The reproducibility-optimization procedure ROTS enables the selection of a suitable gene ranking statistic directly from the given dataset. The statistic is optimized among a family of t-type statistics, two special cases of which are the ordinary t-statistic and the signal log-ratio. The optimality is defined in terms of maximal overlap of top-ranked genes in group-preserving bootstrap datasets. Importantly, besides the group labels, no a priori information about the properties of the data is required and no fixed cutoff for the gene rankings needs to be specified. For more details about the reproducibility-optimization procedure, see Elo et al. (2008).

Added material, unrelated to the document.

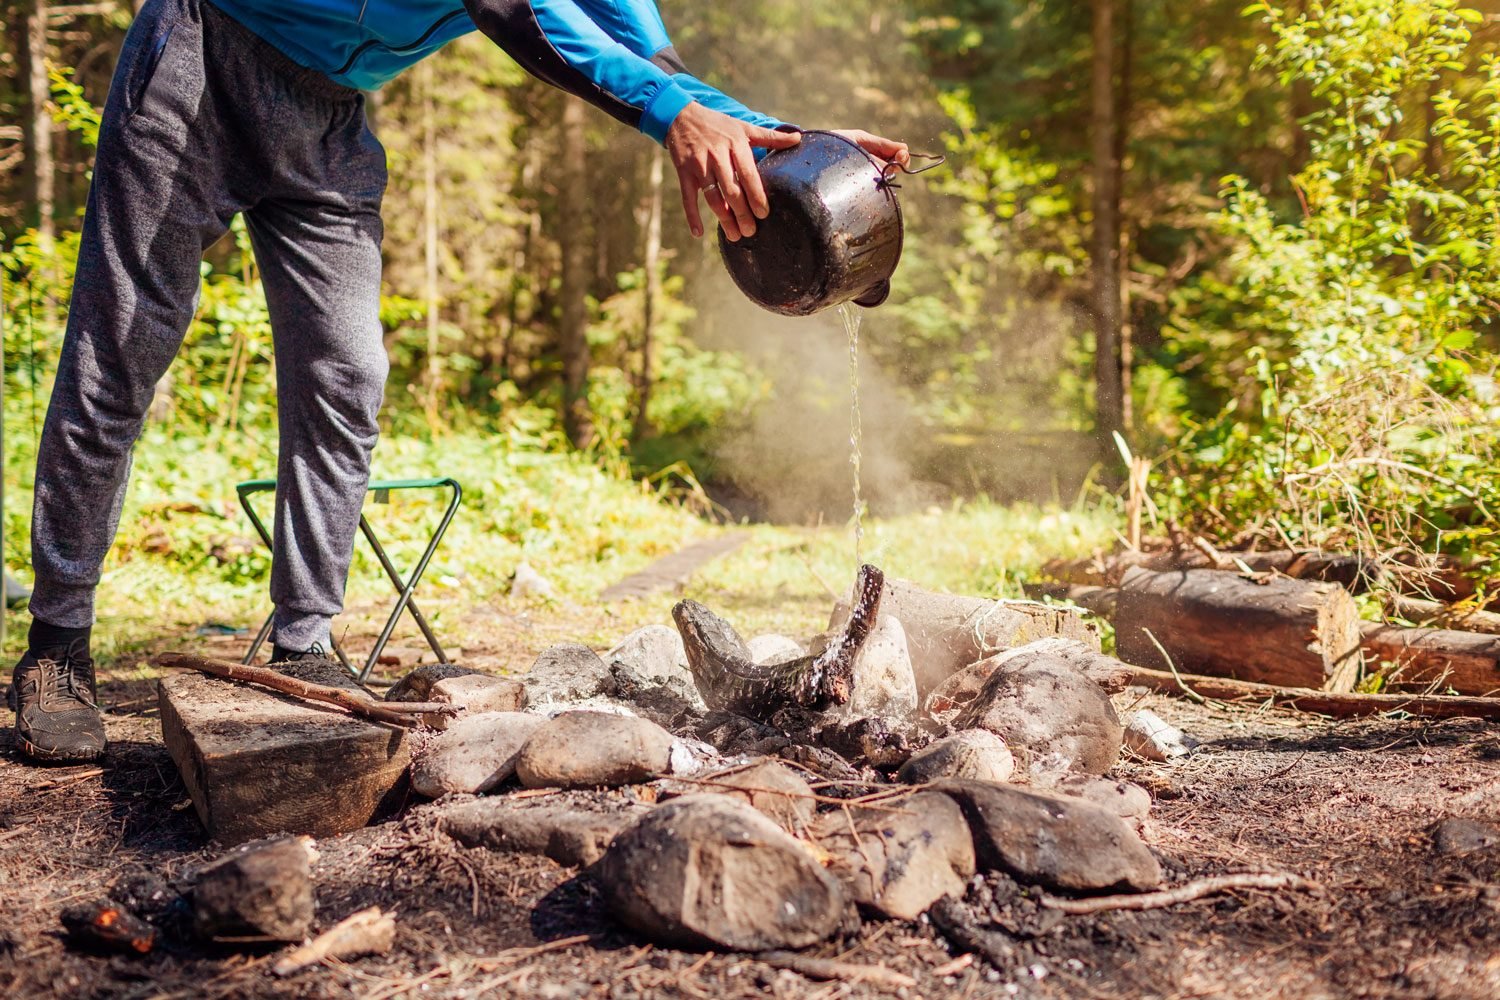 How To Enjoy Campfires and Bonfires Safely

The user is given the option to adjust the largest top list size considered in the reproducibility calculations, since lowering this size can markedly reduce the computation time. In general, we recommend using a size of several thousands.
ROTS assumes that the expression data do not contain any missing values. In case of missing data entries, we recommend to impute them using, e.g., the K-nearest neighbour imputation.
The false discovery rate (FDR) for the optimized test statistic is calculated by permuting the sample labels. The results for all the genes can be obtained by setting the FDR cutoff to 1.
A text file containing the gene expression values, the values of the optimized ROTS-statistic for the genes and the corresponding FDR-values. A separate text file containing the optimized parameters and the corresponding reproducibility values.
Please cite the following article, if you use ROTS:
Elo, L.L., Filén, S., Lahesmaa, R. and Aittokallio, T. (2008) Reproducibility-optimized test statistic for ranking genes in microarray studies. IEEE/ACM Transactions on Computational Biology and Bioinformatics 5: 423-431.